内閣府の最新の世論調査では、死刑を容認する人が80.3%と依然高水準で、廃止を求める人は9.7%にとどまっている。

死刑制度をめぐる日本の議論:世論は8割が死刑容認 より

たくさん悪さをした奴は人間ではないの?

どのくらい悪さをしたら殺されることが正義となるんだろう?

 

正義というのはある種、絶対的なものと僕は考えていた。

悪の支配者をぶっ倒すスーパーマンは間違いなく正義のヒーローだし、人殺しは絶対的に悪人だし、いじめはよくない。

そうやって当然のように習ってきたからだ。

 

人が人をいじめてるのを見るのは心が痛い。

そこに理屈なんてない。
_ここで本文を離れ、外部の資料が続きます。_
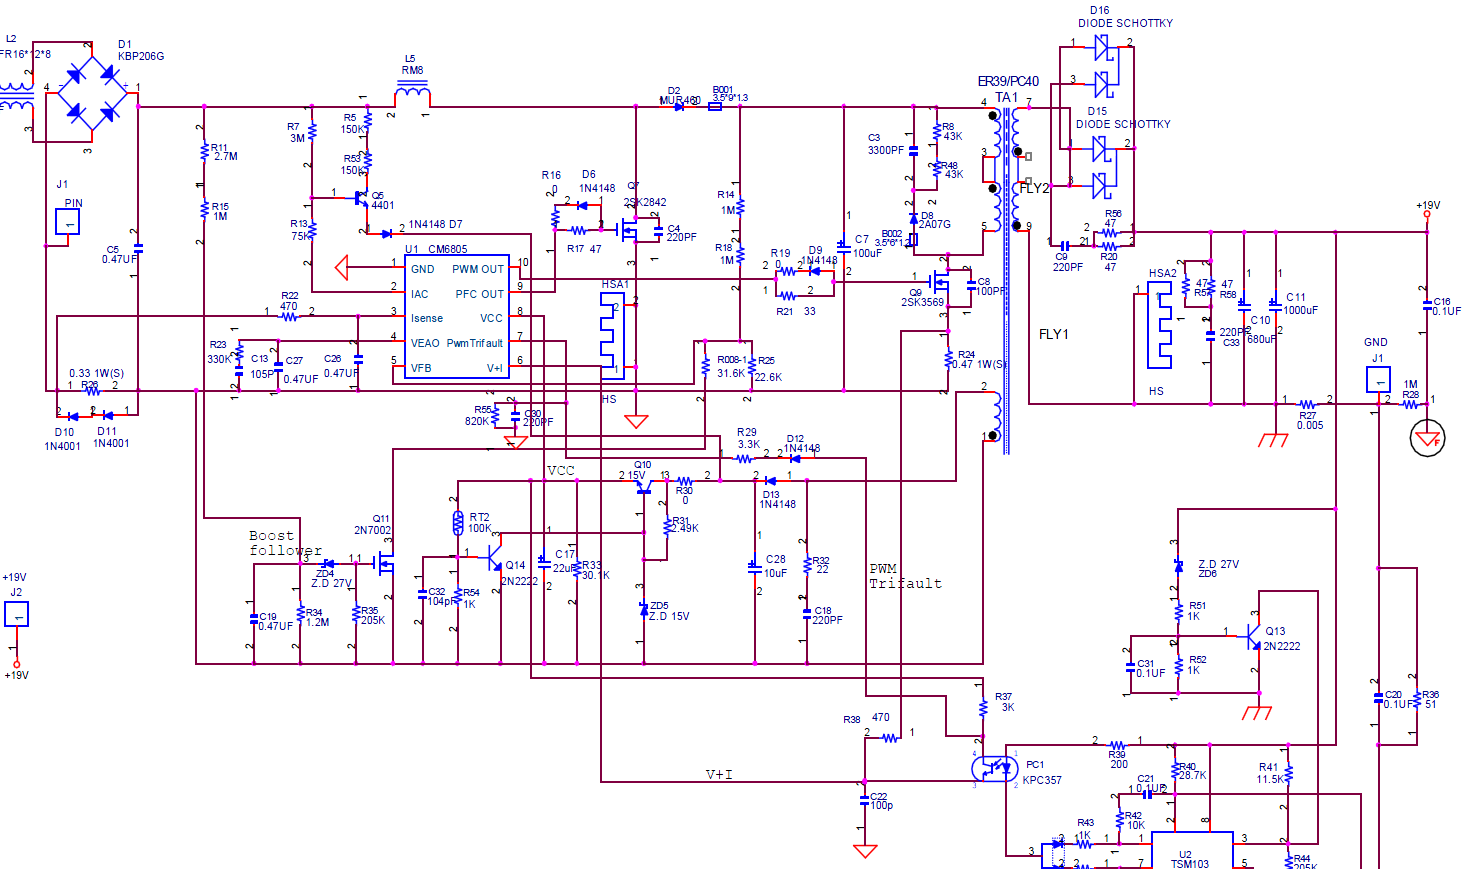 Lec 993 rev 1.4 схема

ダメなものはダメ。

正義とは何か?は教えてくれない

本書を読んで、「人殺し」ですら疑ってしまう。

なんかそれっぽい倫理観を持ち出しても「え、じゃあこういうシチュエーションでも、それは正義なの?」と反例を一個でも持ち出されると打ち砕かれてしまう。

「幸せになる人が増えるようにすればいいじゃん!」と言えば、「じゃあ、あなたの臓器をすべて提供すれば、あなた一人は死ぬけどそのおかげでたくさんの人の命が助かるね!あなたの臓器全部ちょうだい!」がまかり通ってしまう。

 

「正義=○○」なんて公式は、存在しない(少なくとも現代では)。そんなものがあったら、哲学者は苦労しないだろう。
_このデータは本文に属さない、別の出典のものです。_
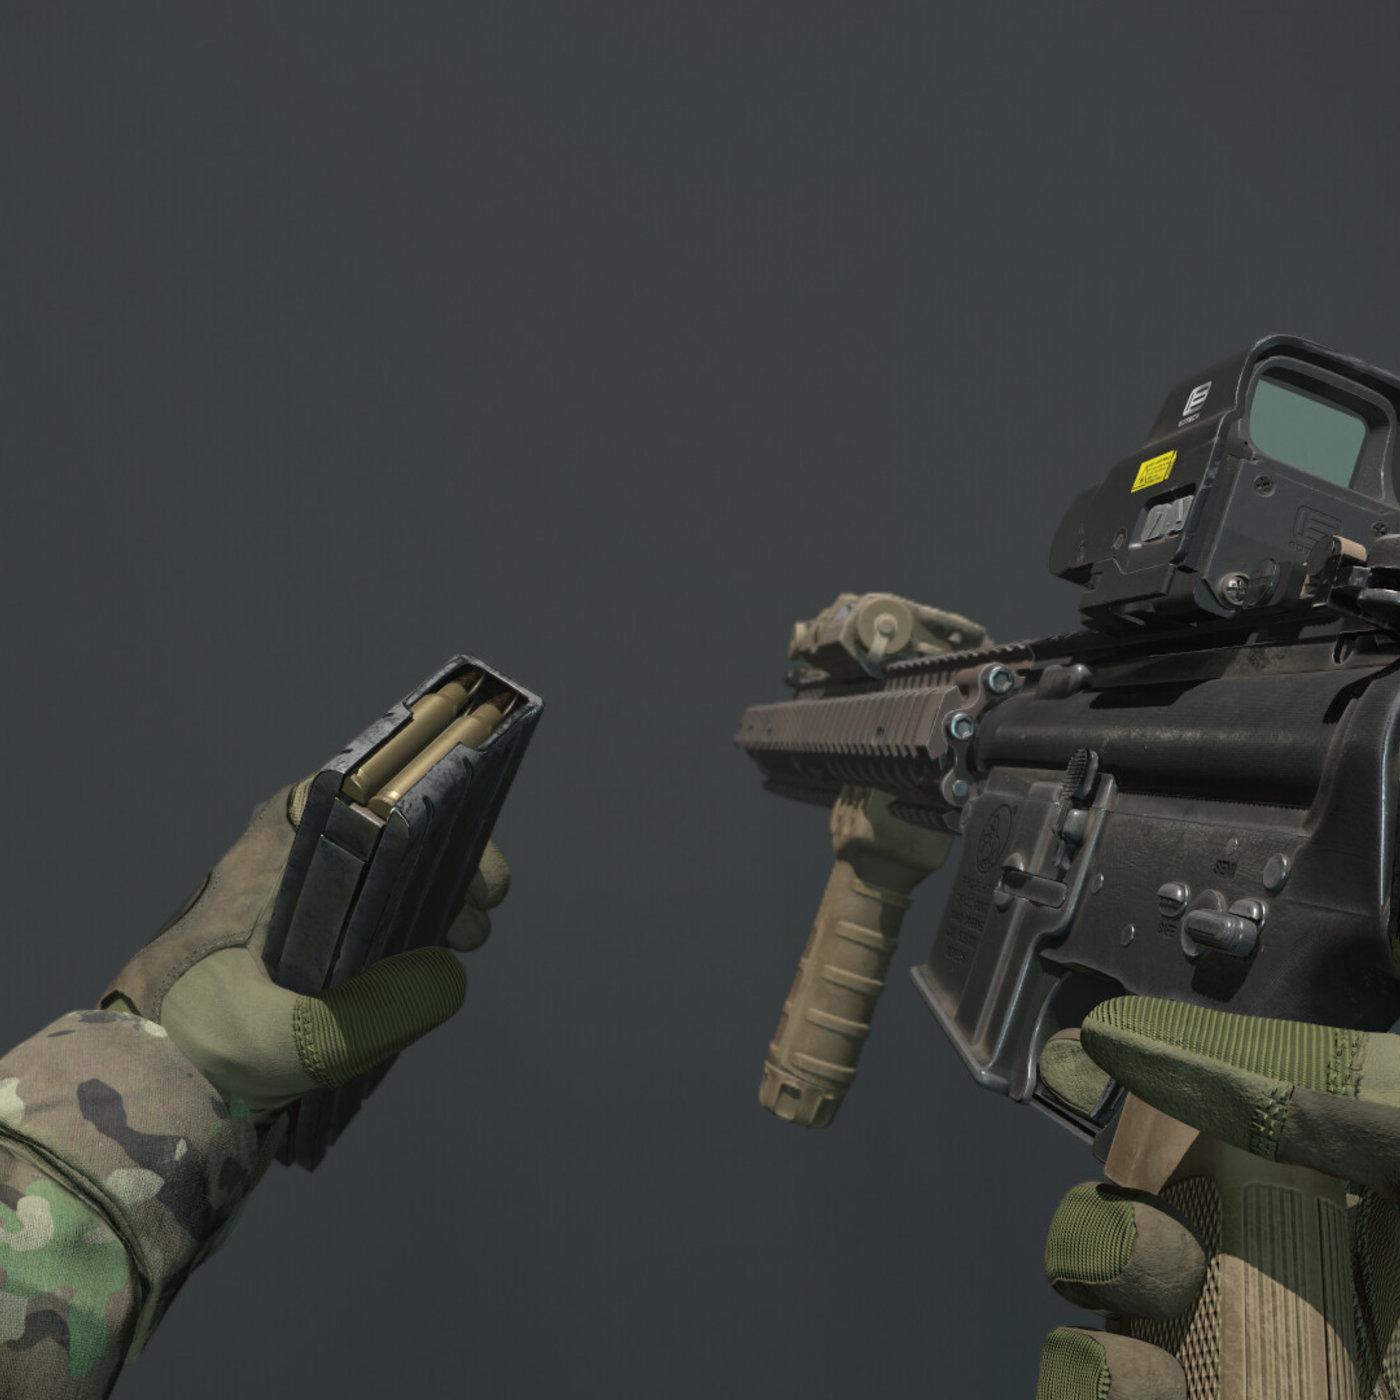 Heavy Assault Rifle and Assault rifle M4A1

本書は「正義とは何か?」を教えてくれるのではなく、考えさせてくれる本だ。

僕らは子供の時に「これが正義だ」と教わってきた。

けど、桃太郎に退治された鬼の気持ちは教わらない。

結局、「もう、何も言えねぇ・・・」

正義なんて絶対的なものは存在しなくて、結局、人それぞれなんじゃね?

社会全体のために臓器提供したい人がいるなら、そのために一人の人間を殺すのは正義。

かといって、いじめで人は殺しちゃいけない。

あ、でも、たくさん悪さした人なら殺してもいいよ。

 

こうやって、その場その場のシチュエーションで、各個人が考える「善」こそが正義なのでは?って解釈に至りそうだけど、

それって何も言ってねぇ。

シチュエーションによる。人それぞれだよね。というのはたしかにそれっぽいけど、正義に対して考えを放棄しているだけだ。

 

ひとつの倫理観を提示すれば、反例を持ち出して打ち砕かされて、

人それぞれだよねって言えば、それって思考停止じゃね?ってなってしまう。

ゆうすけ

もう、何も言えねぇ

たぶん僕は構造に支配されるだけ

もう、何も言えねぇので、たぶん構造に支配されるだけなんだろうなって思った。

これは本書に書かれている「構造主義」という考え方です。

ようは、『人間は、何らかの社会構造に支配されており、決して自由に物事を判断しているわけではない』という話だ

僕らは自分の意思で判断してると思っているけど、それは社会構造に判断「させられている」だけだということ。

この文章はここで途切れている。